Just to add to the complications: they'd almost have to–due to either social
pressure or environmental pressure–demolish the streets/poles/etc as well,
else they still pose a maintenance requirement and an eyesore.

------
johnvschmitt
I was born there. It's sad, but hopeful.

The "Renaissance Center" (celebrating the rebirth of the city) was built in
1980. The last 34 years, I've heard stories of the "inevitable rebirth" of the
city.

It's just so sad. For 34 years, a few people are hopeful while the city still
declines.

Detroit has so many good things going for it: An international border. A water
trade route to the Atlantic. More fresh water resources than any other state.
Rail lines that are well connected to Chicago and the East Coast.

What's really sad for me, personally, is the realization that for so many
other challenges, like the CA drought, Global Climate Change, etc, we need
tons of capital and work.

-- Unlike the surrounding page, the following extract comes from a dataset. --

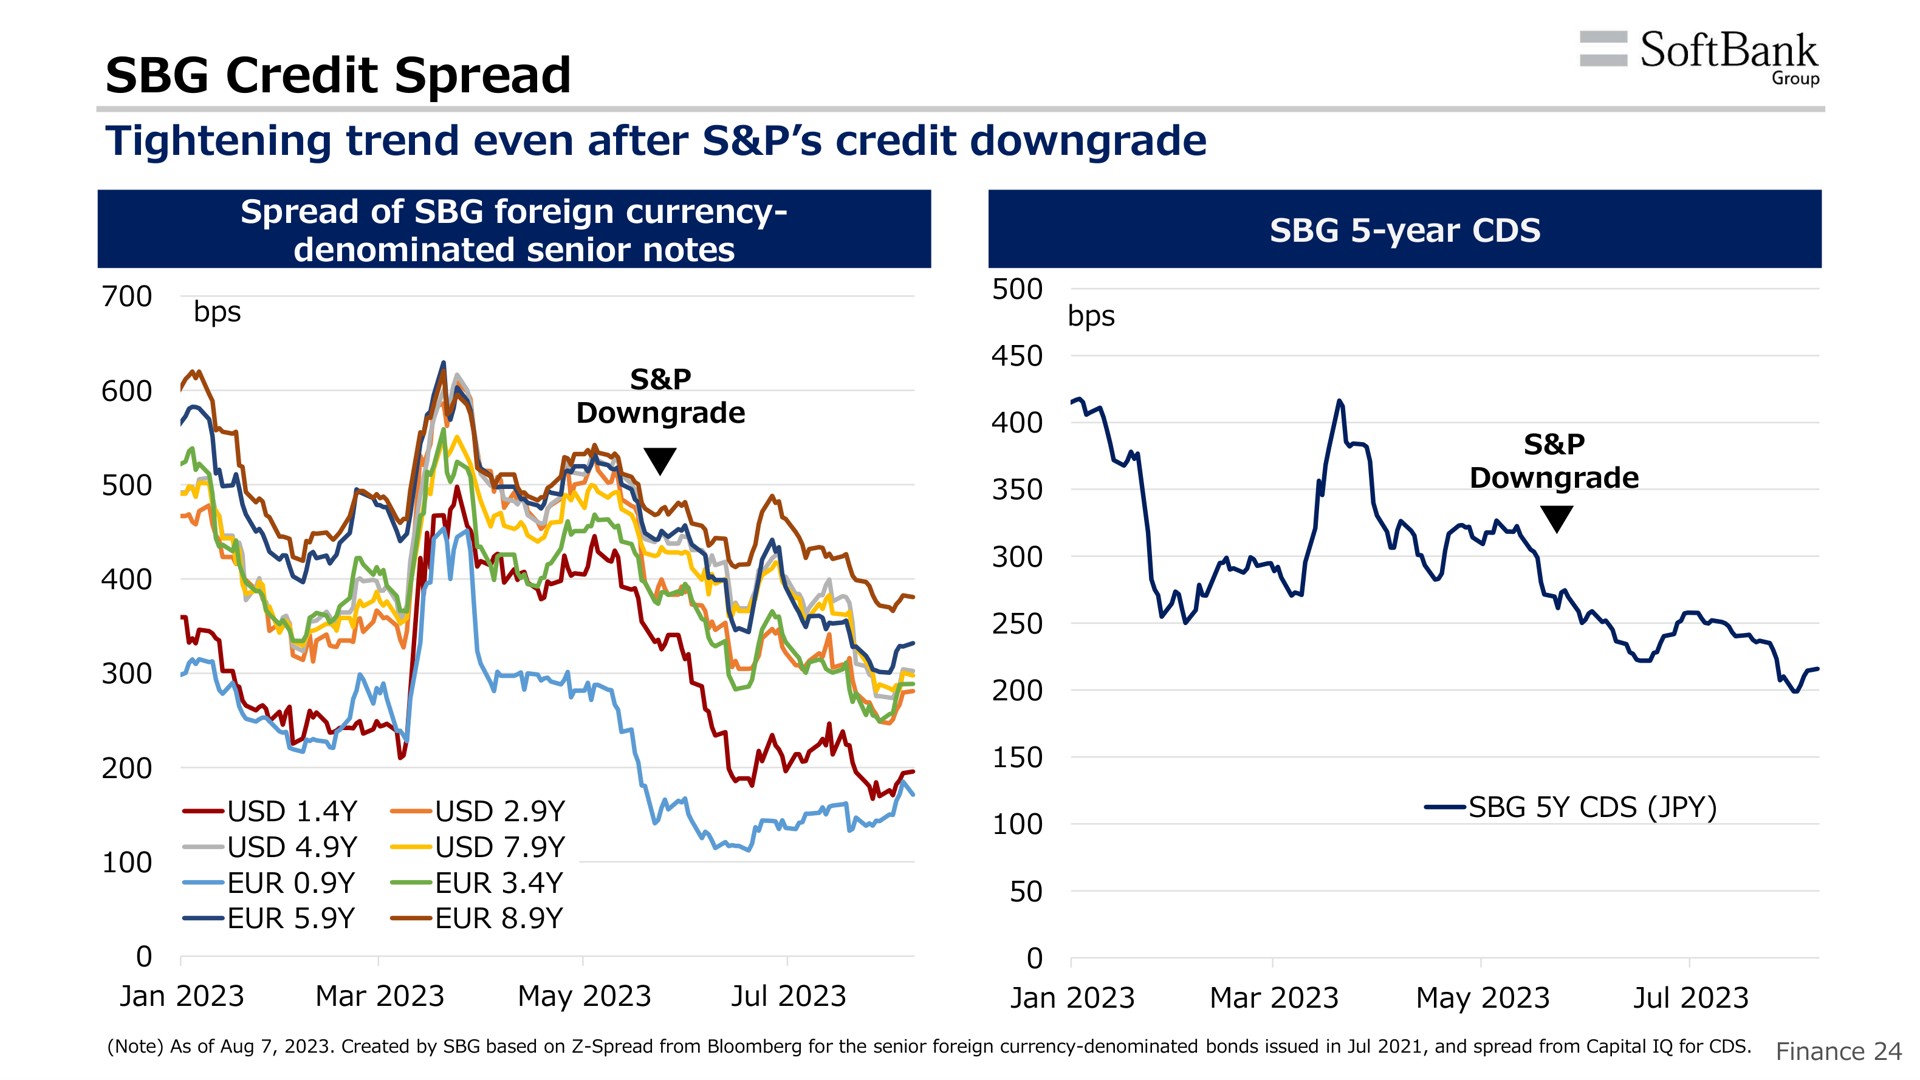 credit spread tightening trend even after credit downgrade | SoftBank
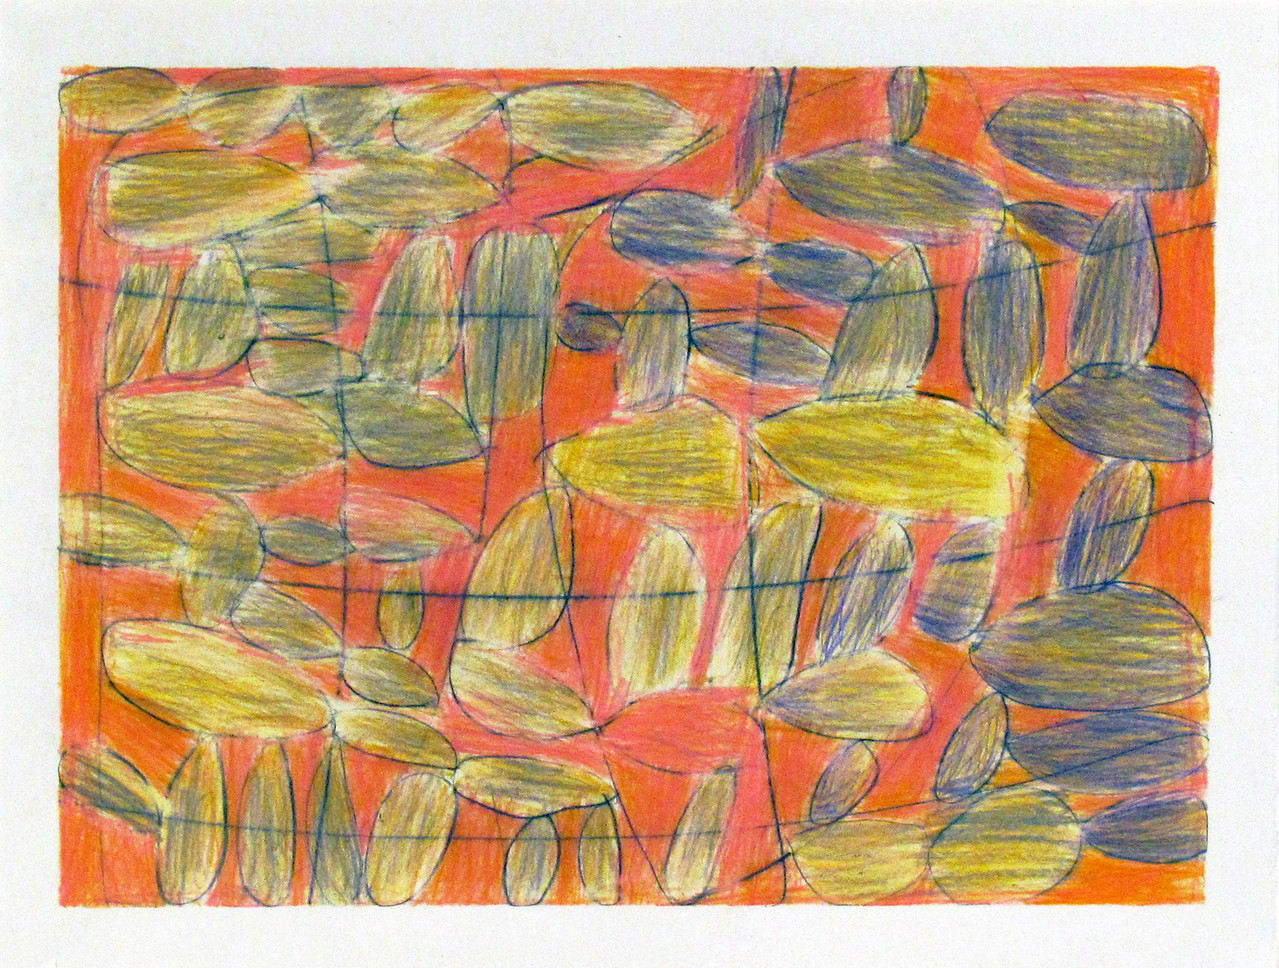 Untitled, 1988, Colored pencil and graphite on paper, 38.7 x 47 cm, BS 025

But IMO, for Detroit to get "fixed", we just need a
change of MIND (which can be more difficult than getting sustainable energy,
but seriously, could change in 1 day, for free, if we had MLK Jr. type people
on the ground).

So, in short, it's people's minds that are killing Detroit. We desperately
need to change minds there. In Silicon Valley, all races collaborate, live &
work together, and we thrive. Please let's try to export that culture to
Detroit soon.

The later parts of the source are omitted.